The past year in which the concept of “the meeting” shifted almost entirely into the digital realm challenged everything from the constitution of the working day to the breadth of collective patience.

Or, as Matthew Corriere, MD, at the helm of the Vascular & Endovascular Surgery Society (VESS) 2021 Winter Meeting (Jan. 21–24), put the year-in-meetings: “Usually the VESS Executive Council meeting happens every month, or every other month, and then it started happening two or three times a week. I found we were actually having meetings about whether we were going to have a meeting, or whether the SVS [Society for Vascular Surgery] was going to have their meeting, and if they didn’t have their meeting, should we have our meeting. It got really, really meta quickly.”

Corriere, rounding out his 2020–2021 term as VESS president, was delivering a presidential address he dubbed “Meetingology.” The winter gathering of VESS intentionally adds an informal note to proceedings, with attendees and presenters encouraged to dress down—even this year when the pandemic forced remote delivery. Hence, the mock serious rebukes fired the way of suited-and-booted trainees and students who apparently hadn’t received the memo on appropriate attire at the virtual podium.

The VESS presidential address follows a similar tone. So went Corriere’s boutique advisory, from a self-described “meetings connoisseur,” on the hows and whys of good (and better) meetings—and ways to avoid bad ones.

Last year, he told the VESS virtual audience, “we started being ambushed and subterfuged with this endless set of meeting requests at the same time as many of us were hauled out of the OR [operating room] and had no idea.”

A few years ago, Corriere had set himself a New Year’s resolution that he’d limit his weekly time allotment for meetings to four hours. He has failed thus far, he reflected—and the COVID-19 era offered little indication he would be making up ground anytime soon.

“There’s a growing angst about stopping the meeting madness, why your meetings stink, and what we’ve got to do about it,” he said.
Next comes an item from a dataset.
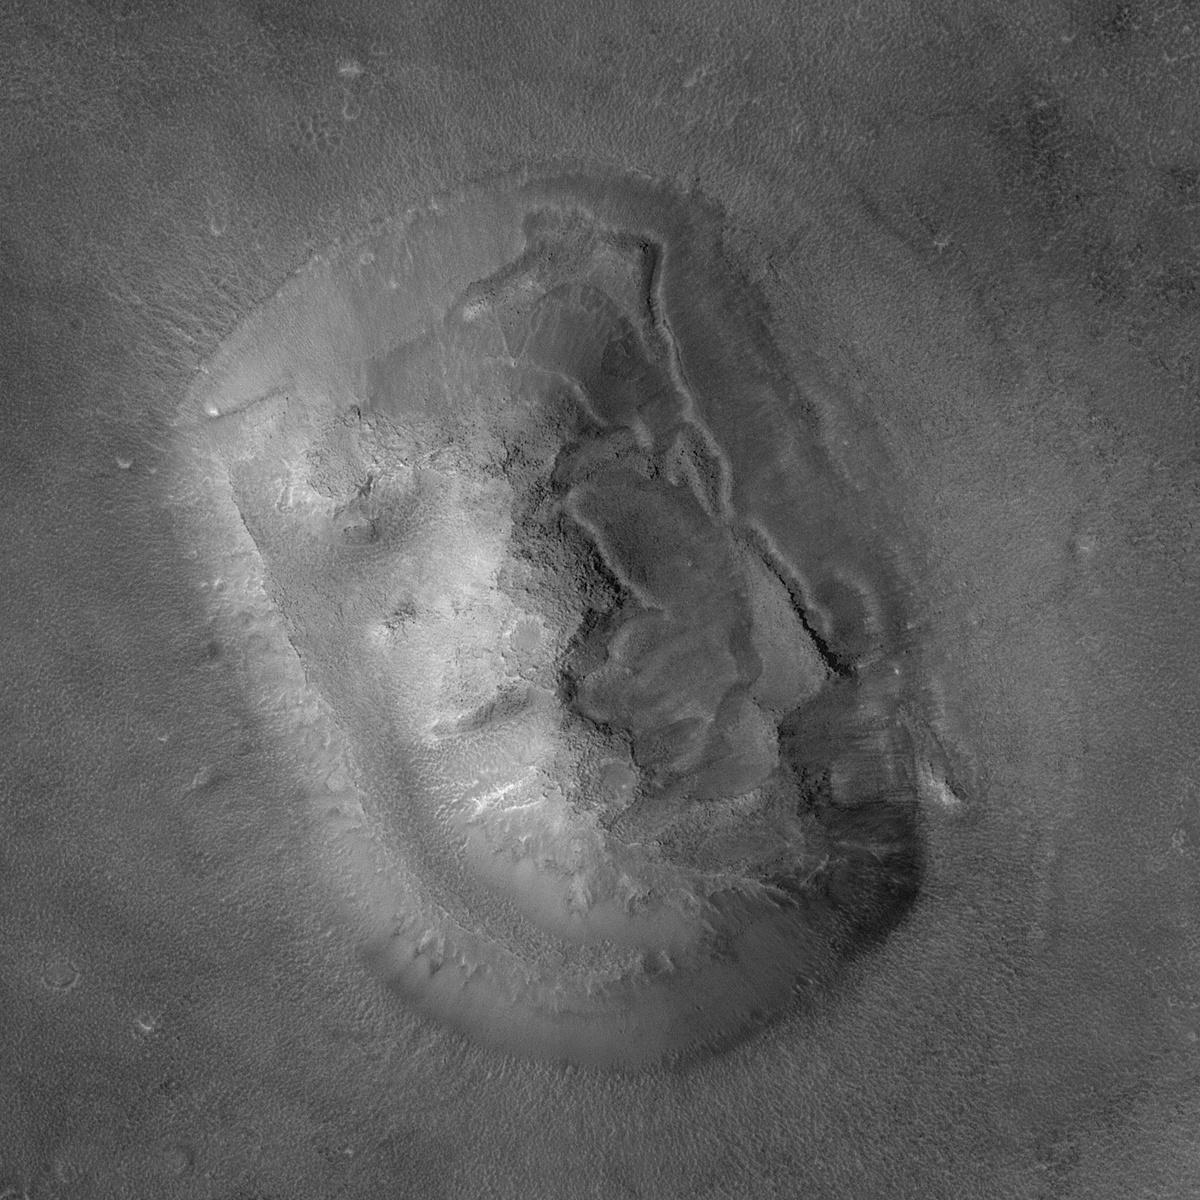 Close-up of the Face on Mars

According to the book, “The Surprising Science of Meetings,” by Steven Rogelberg, PhD, there were 55 million meetings per year pre-pandemic, Corriere pointed out.
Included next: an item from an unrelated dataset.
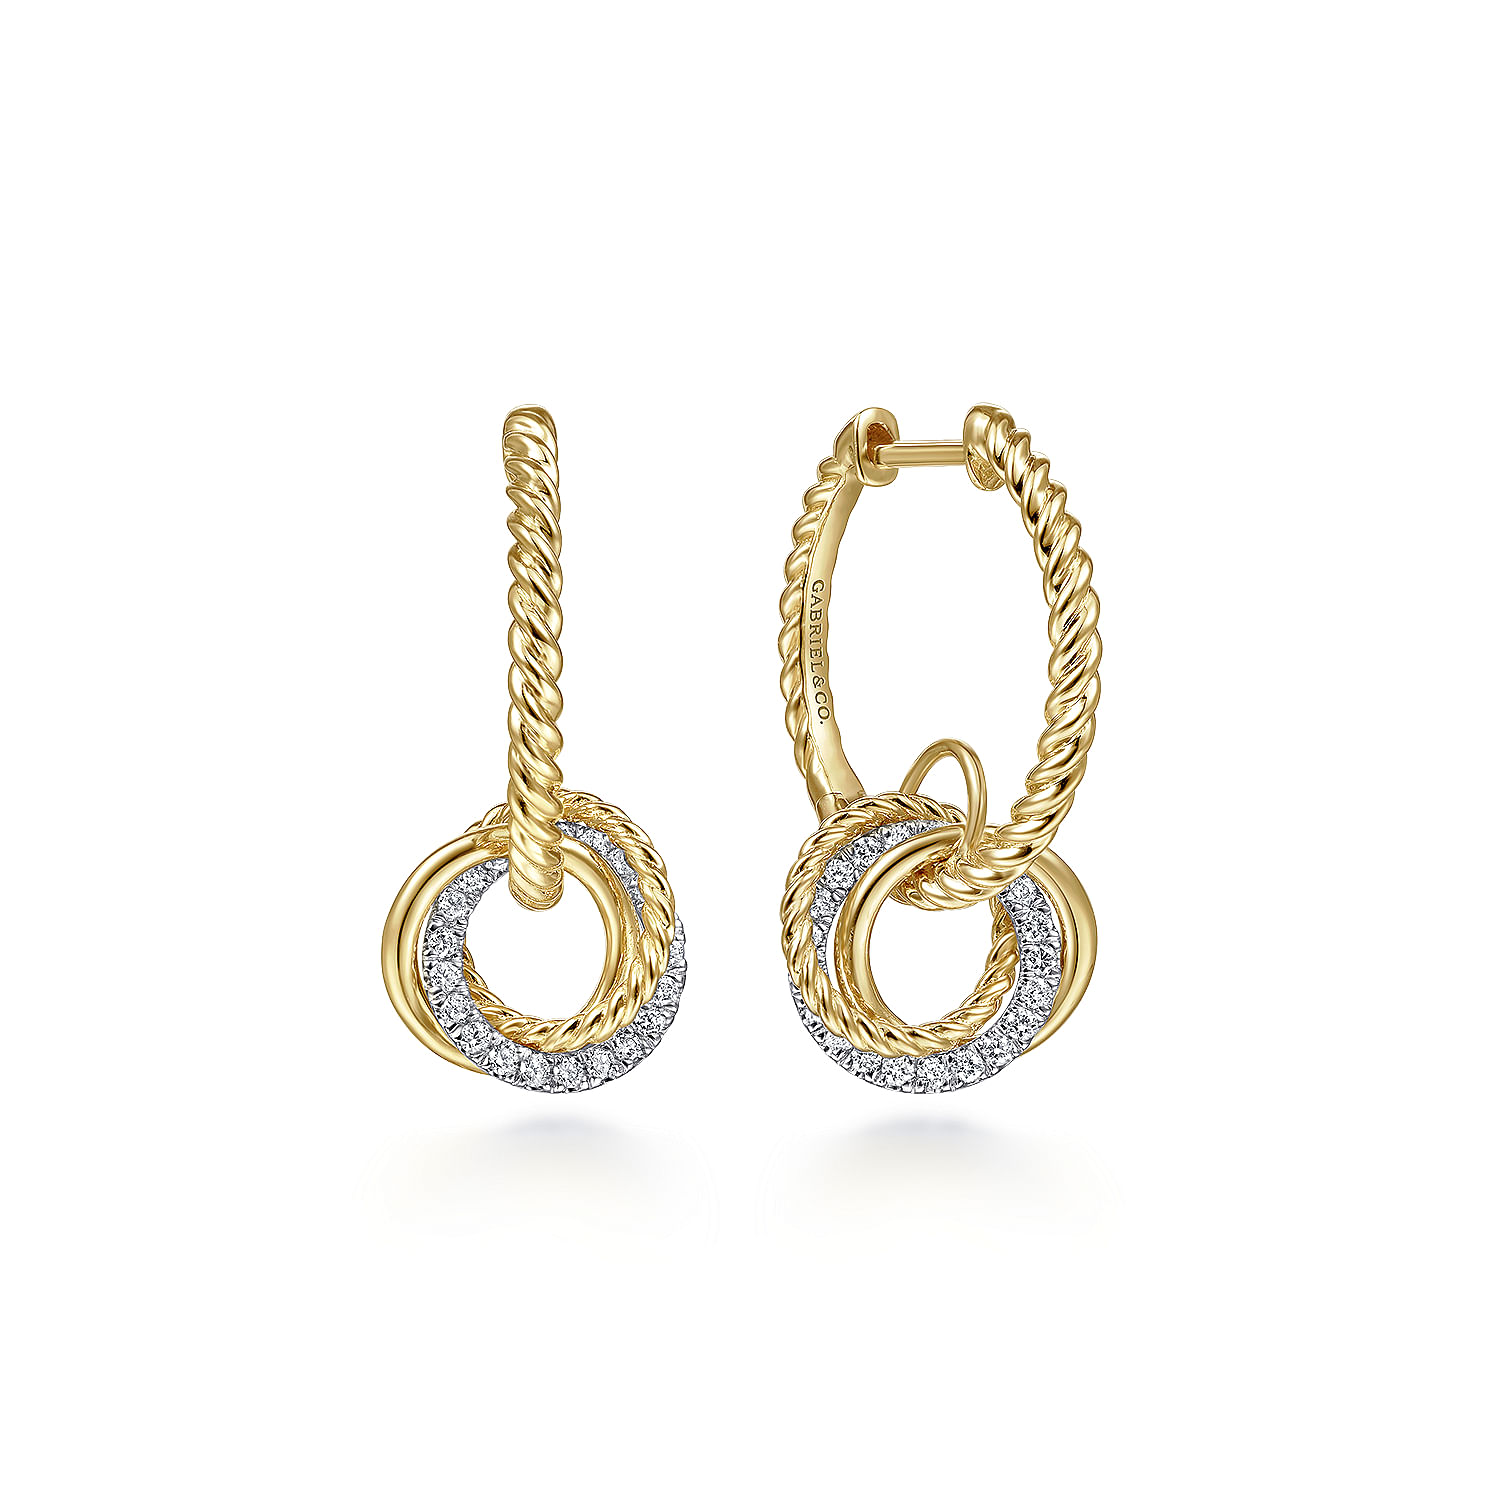 Gabriel - 14K Yellow-White Gold Rope Huggie Earrings with Diamond and Plain Gold Knot Design.

There are costs to that, he said. In dollar terms, they amount to $1.4 trillion across the U.S.: “That doesn’t include Zoom costs, and it also doesn’t include indirect costs. Those are opportunity costs. If you’re in a meeting, you can’t be doing something productive somewhere else.”

This conjures a term to which he said he relates: “Meeting Recovery Syndrome,” or time spent winding down after a frustrating meeting.

In general, bad meetings tend to go along certain lines, Corriere argued. They might have ill-defined goals or lack an appropriate agenda. Key people may be missing. There might be too many participants. They may suffer from timing issues or poor interpersonal dynamics.

He provided 10 tips designed to extract good meetings out of groups of people. “Decide why you’re gathering, and if there’s not a good reason, cancel the meeting. Thoughtfully exclude people who do not need to be there,” Corriere said.

The meeting environment should serve the purpose, he continued. Close the door; host with generous authority; be present; make an agenda with the most important item first; encourage “good controversy”; actively manage the clock; and conduct regular quality assessments.